▸ **Supplied data**:
☆ ☆ ☆ ☆ ☆ ☆ ☆

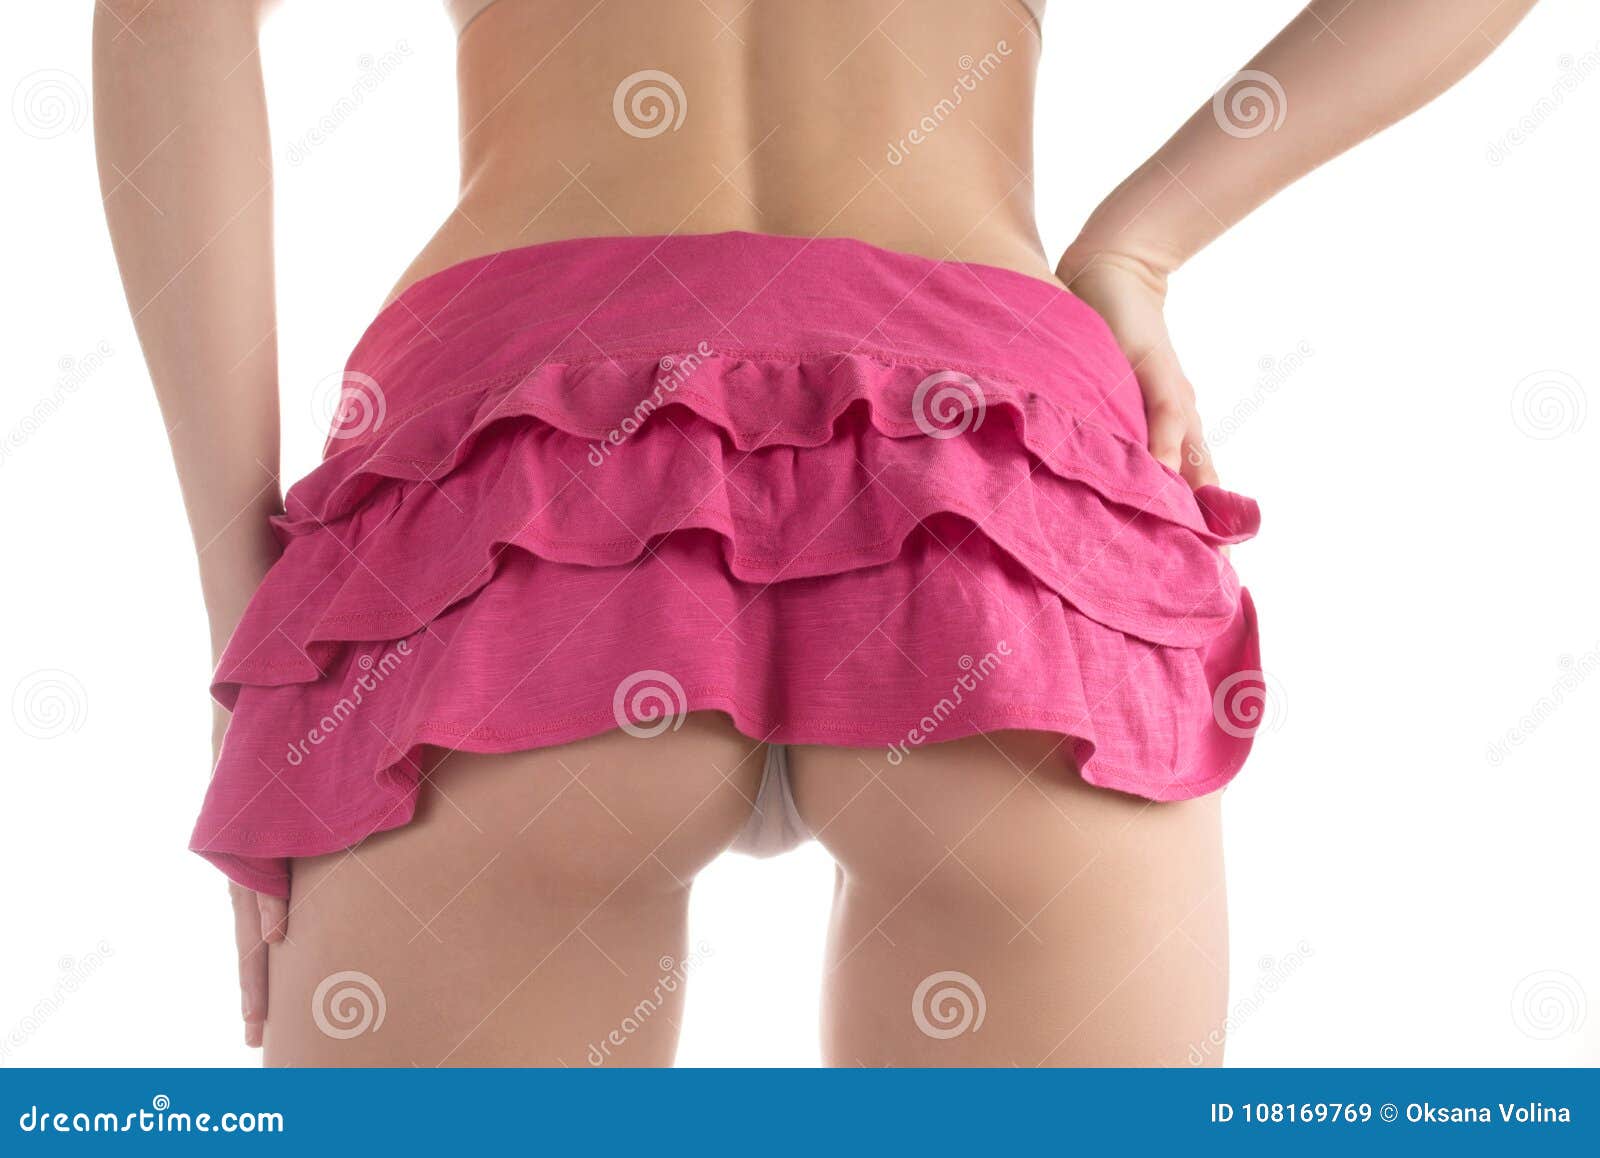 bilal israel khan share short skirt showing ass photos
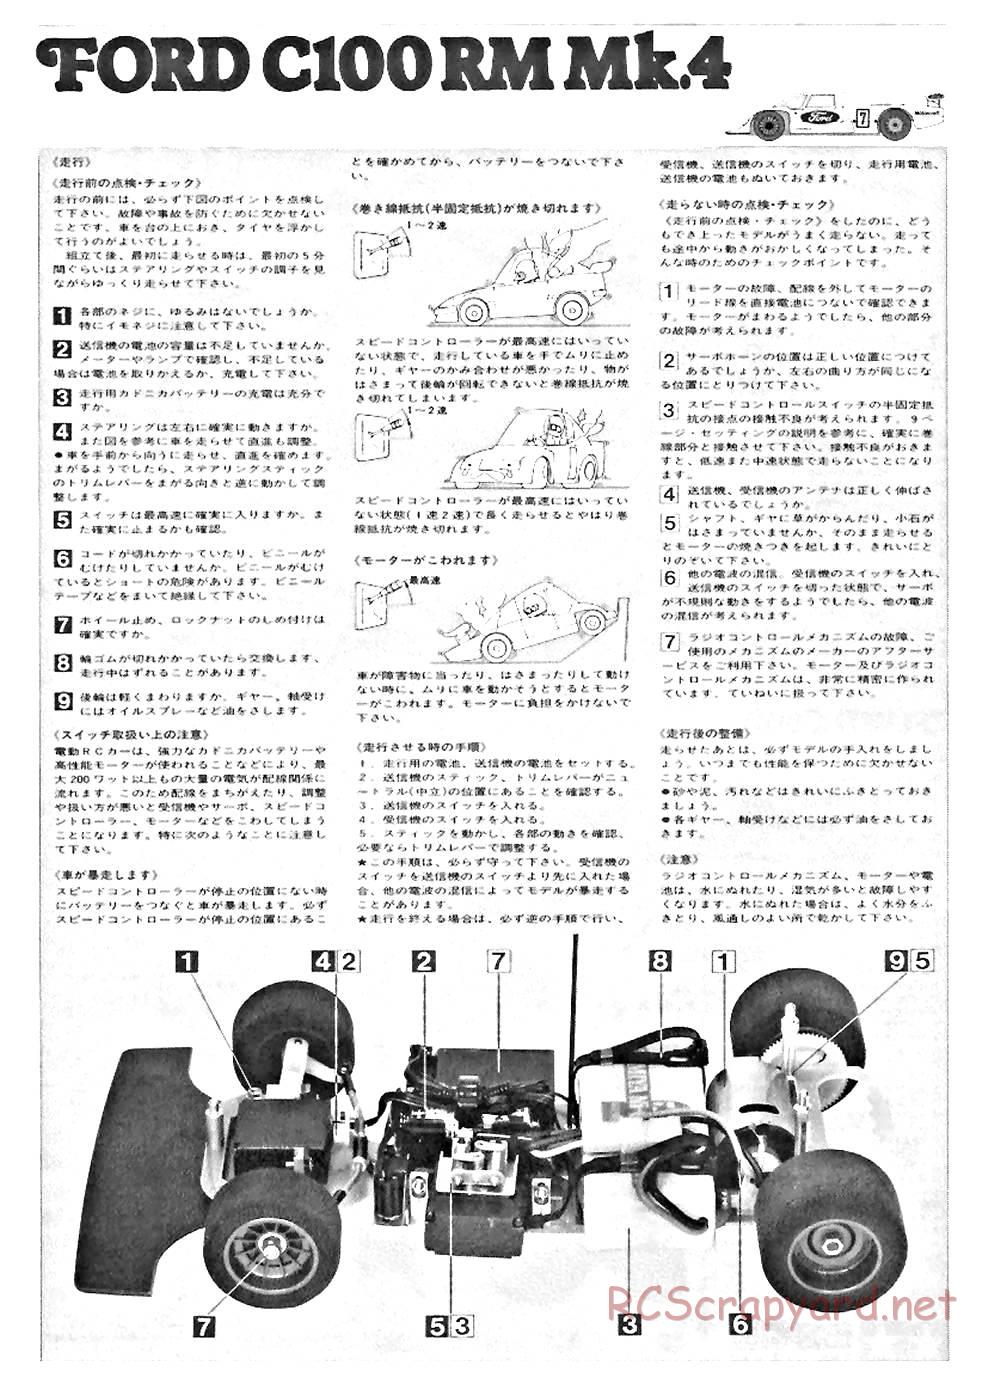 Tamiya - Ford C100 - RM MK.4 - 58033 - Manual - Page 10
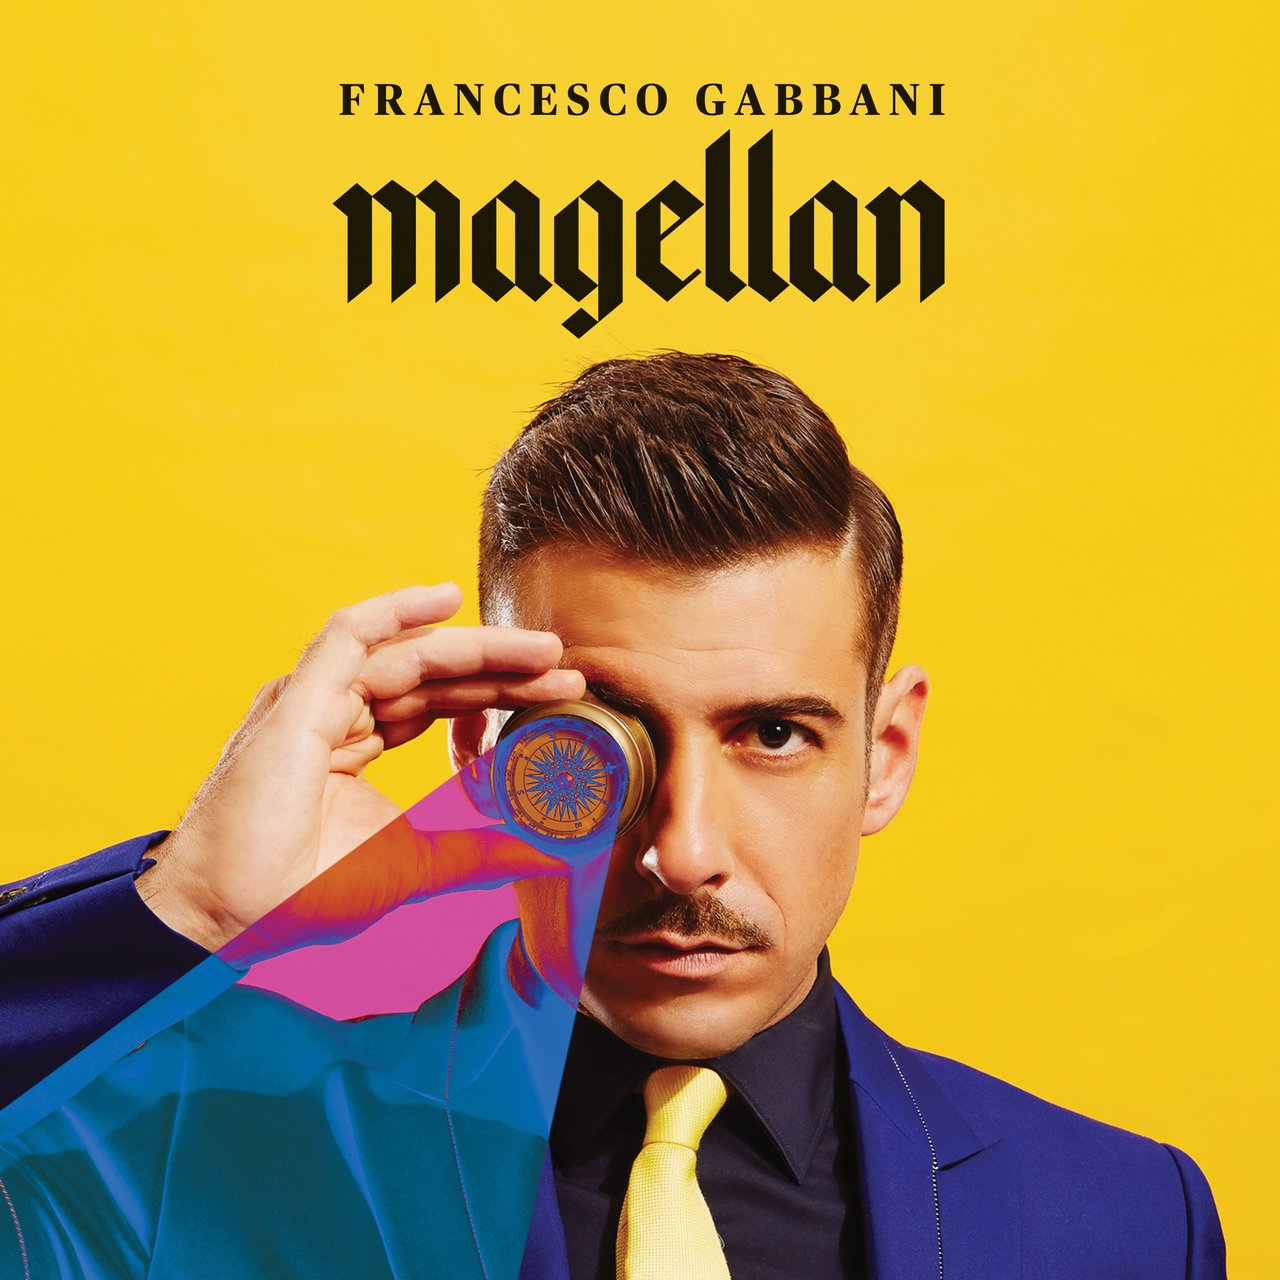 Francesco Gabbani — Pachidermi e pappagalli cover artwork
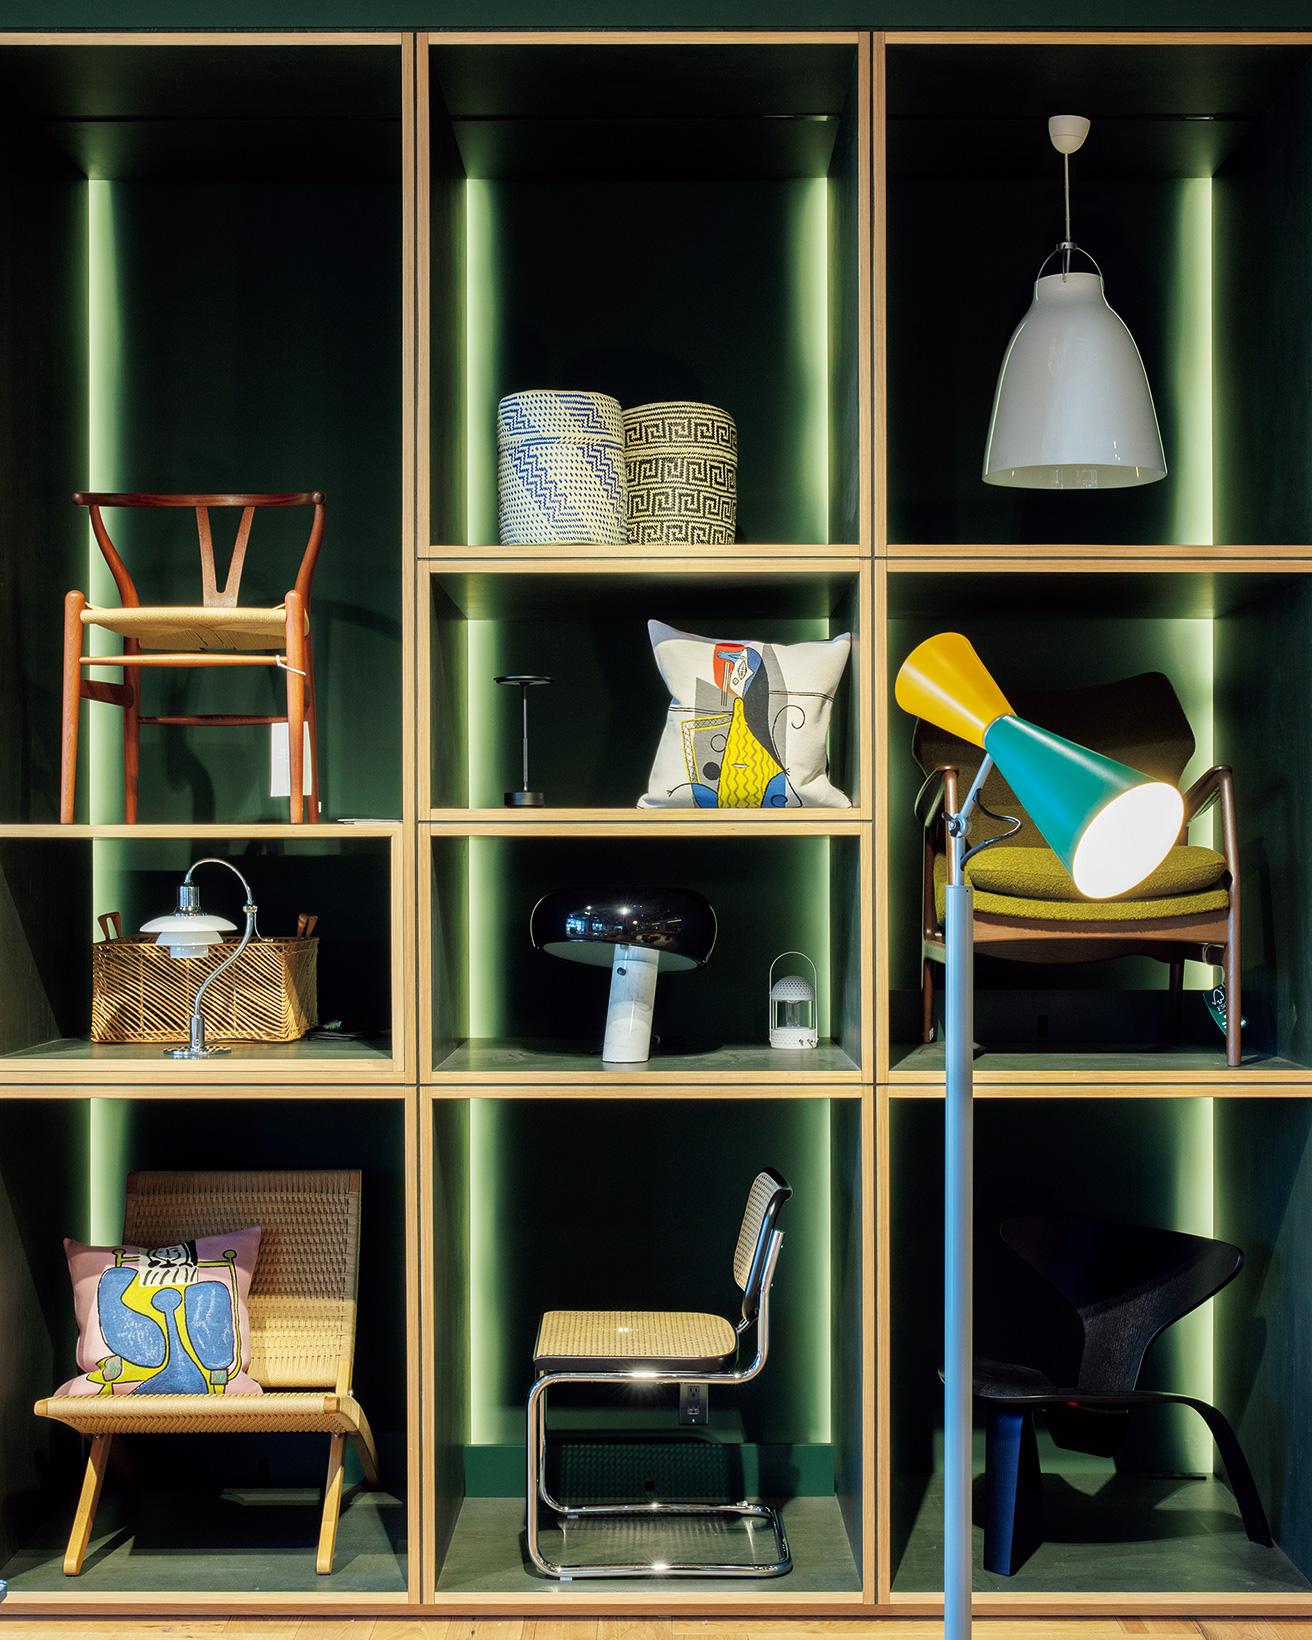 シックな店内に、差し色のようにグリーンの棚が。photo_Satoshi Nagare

☆ ☆ ☆ ☆ ☆ ☆ ☆

▸ **Problem description**:
After locating the line with "Francesco Gabbani —", transcribe it and the rest of the data above exactly as written, without any picture.

▸ **Expected answer**:
 Francesco Gabbani — Pachidermi e pappagalli cover artwork
 シックな店内に、差し色のようにグリーンの棚が。photo_Satoshi Nagare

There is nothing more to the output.